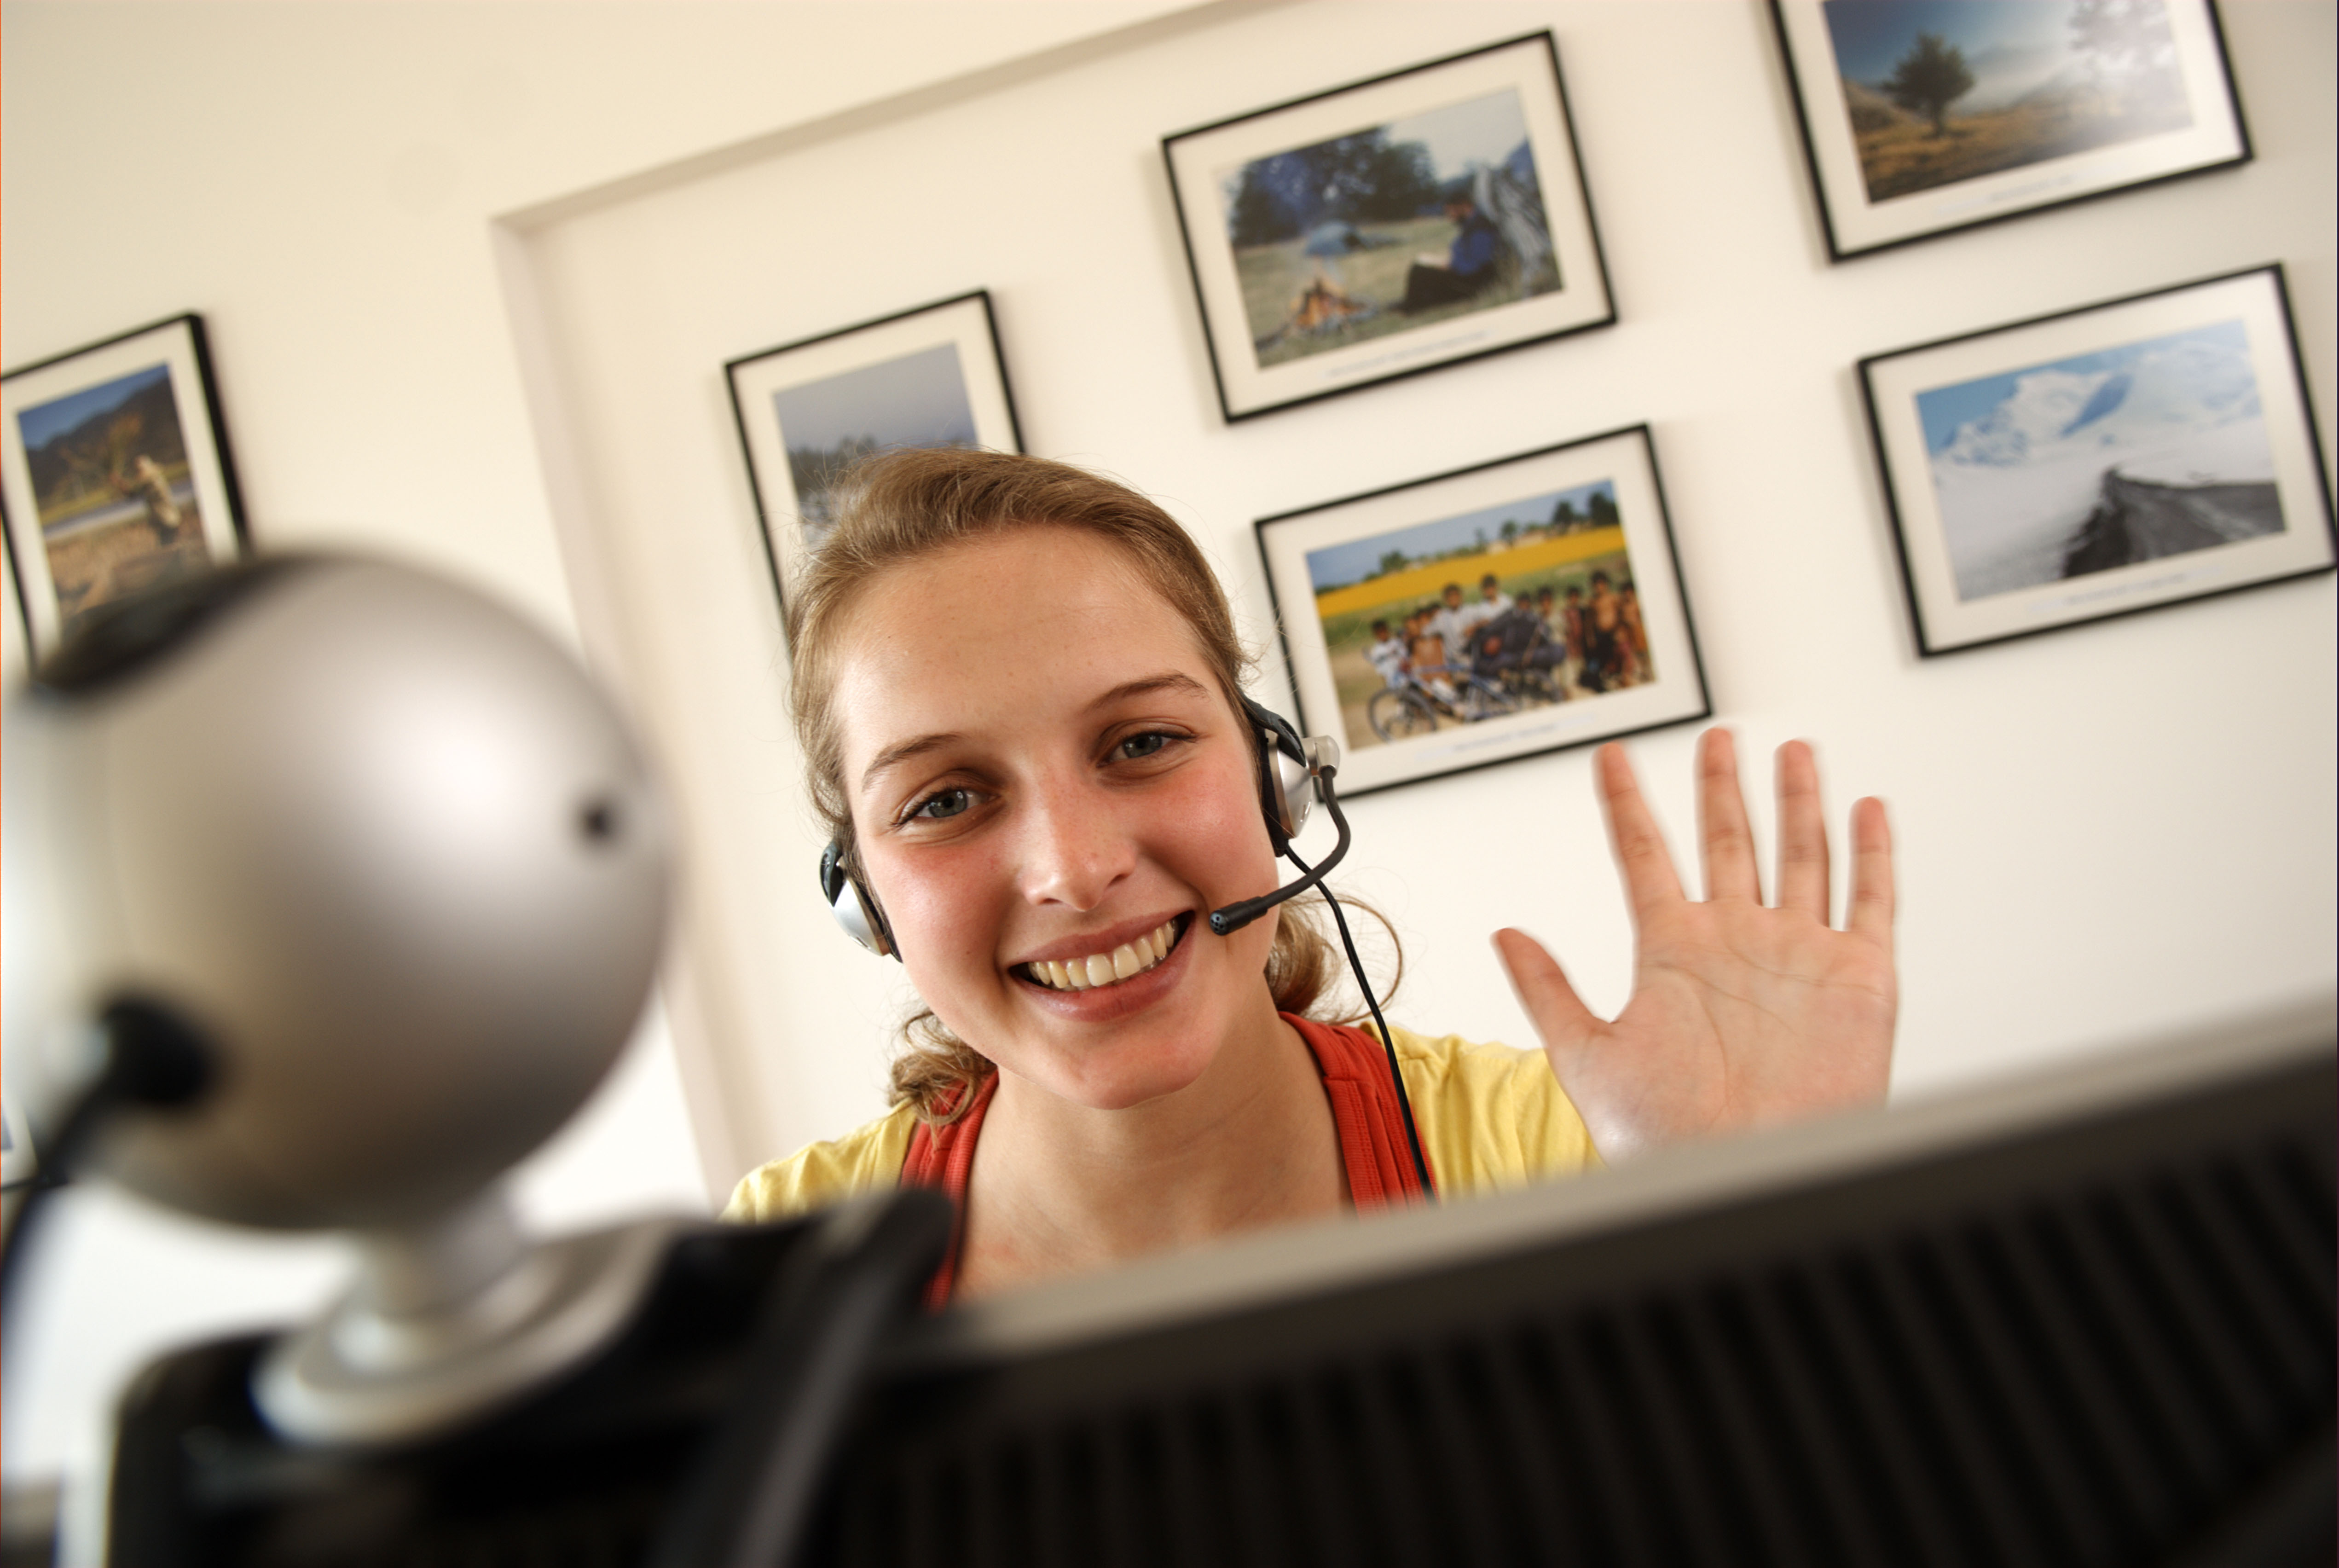 Image illustrating a woman waving at a webcam
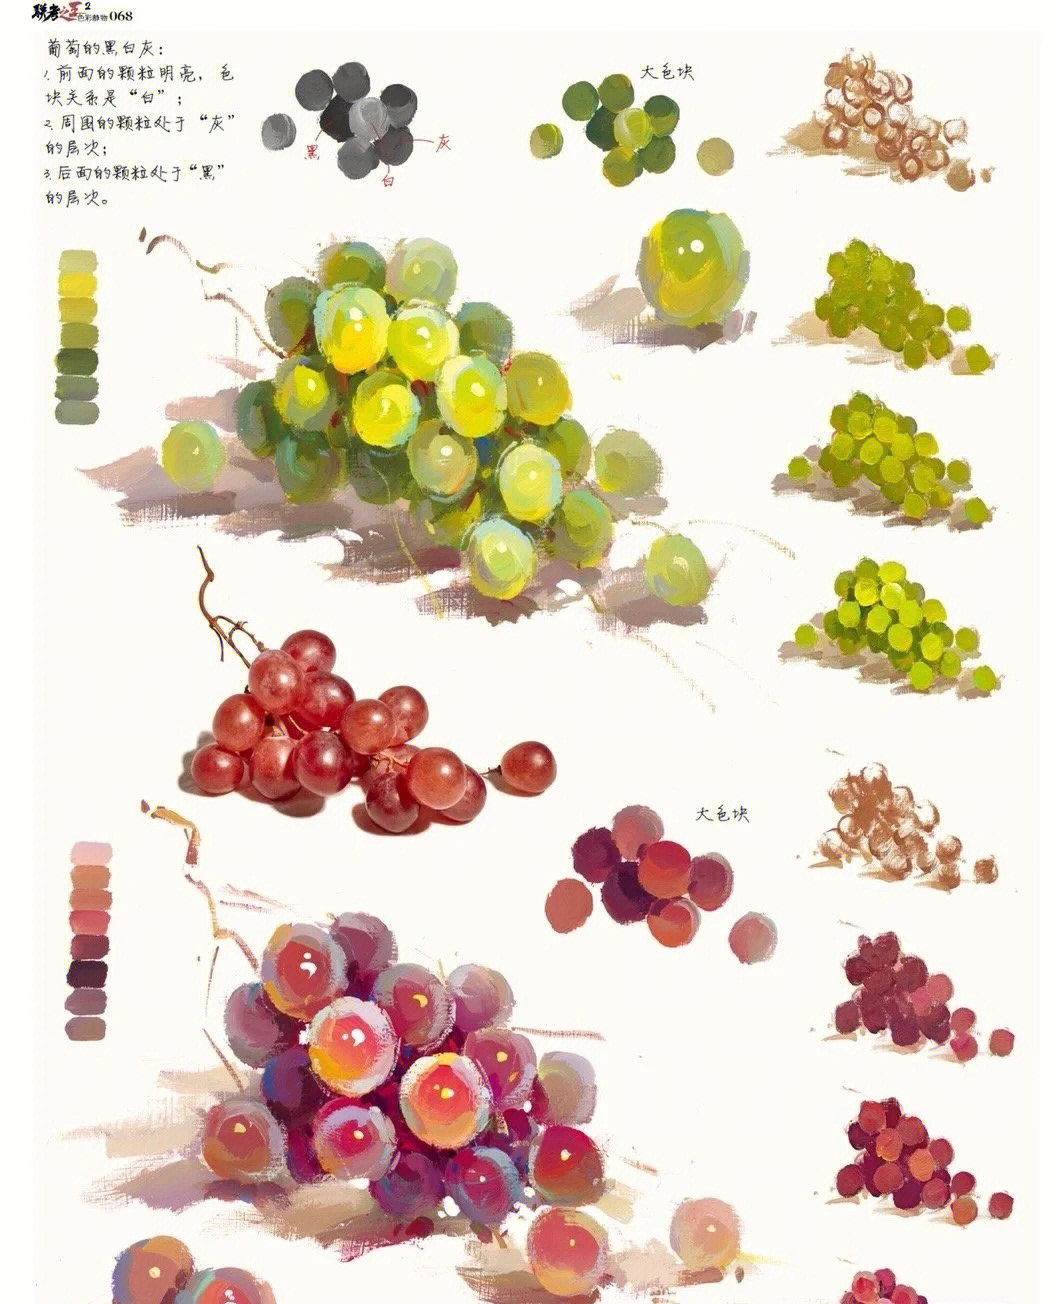 色彩静物单体葡萄含步骤图调色
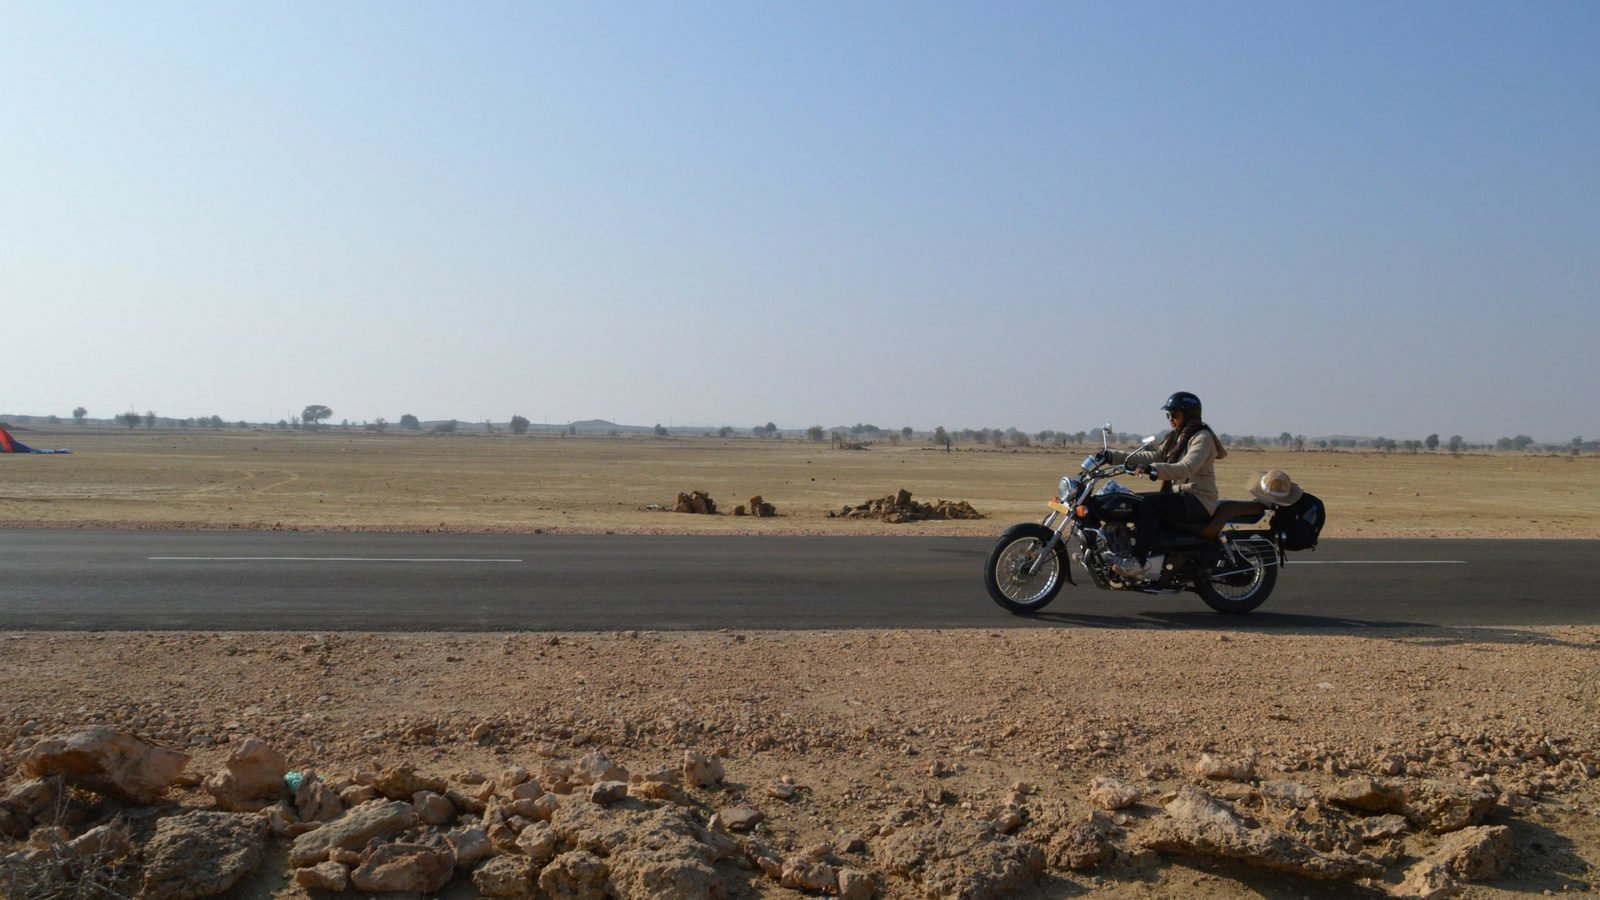 jaipur to jaisalmer bike trip

* [Task to complete]: Please give back the data above word for word, with no pictures included.

* [Solution to this problem]:
 Image illustrating a woman waving at a webcam
 色彩静物单体葡萄含步骤图调色
 jaipur to jaisalmer bike trip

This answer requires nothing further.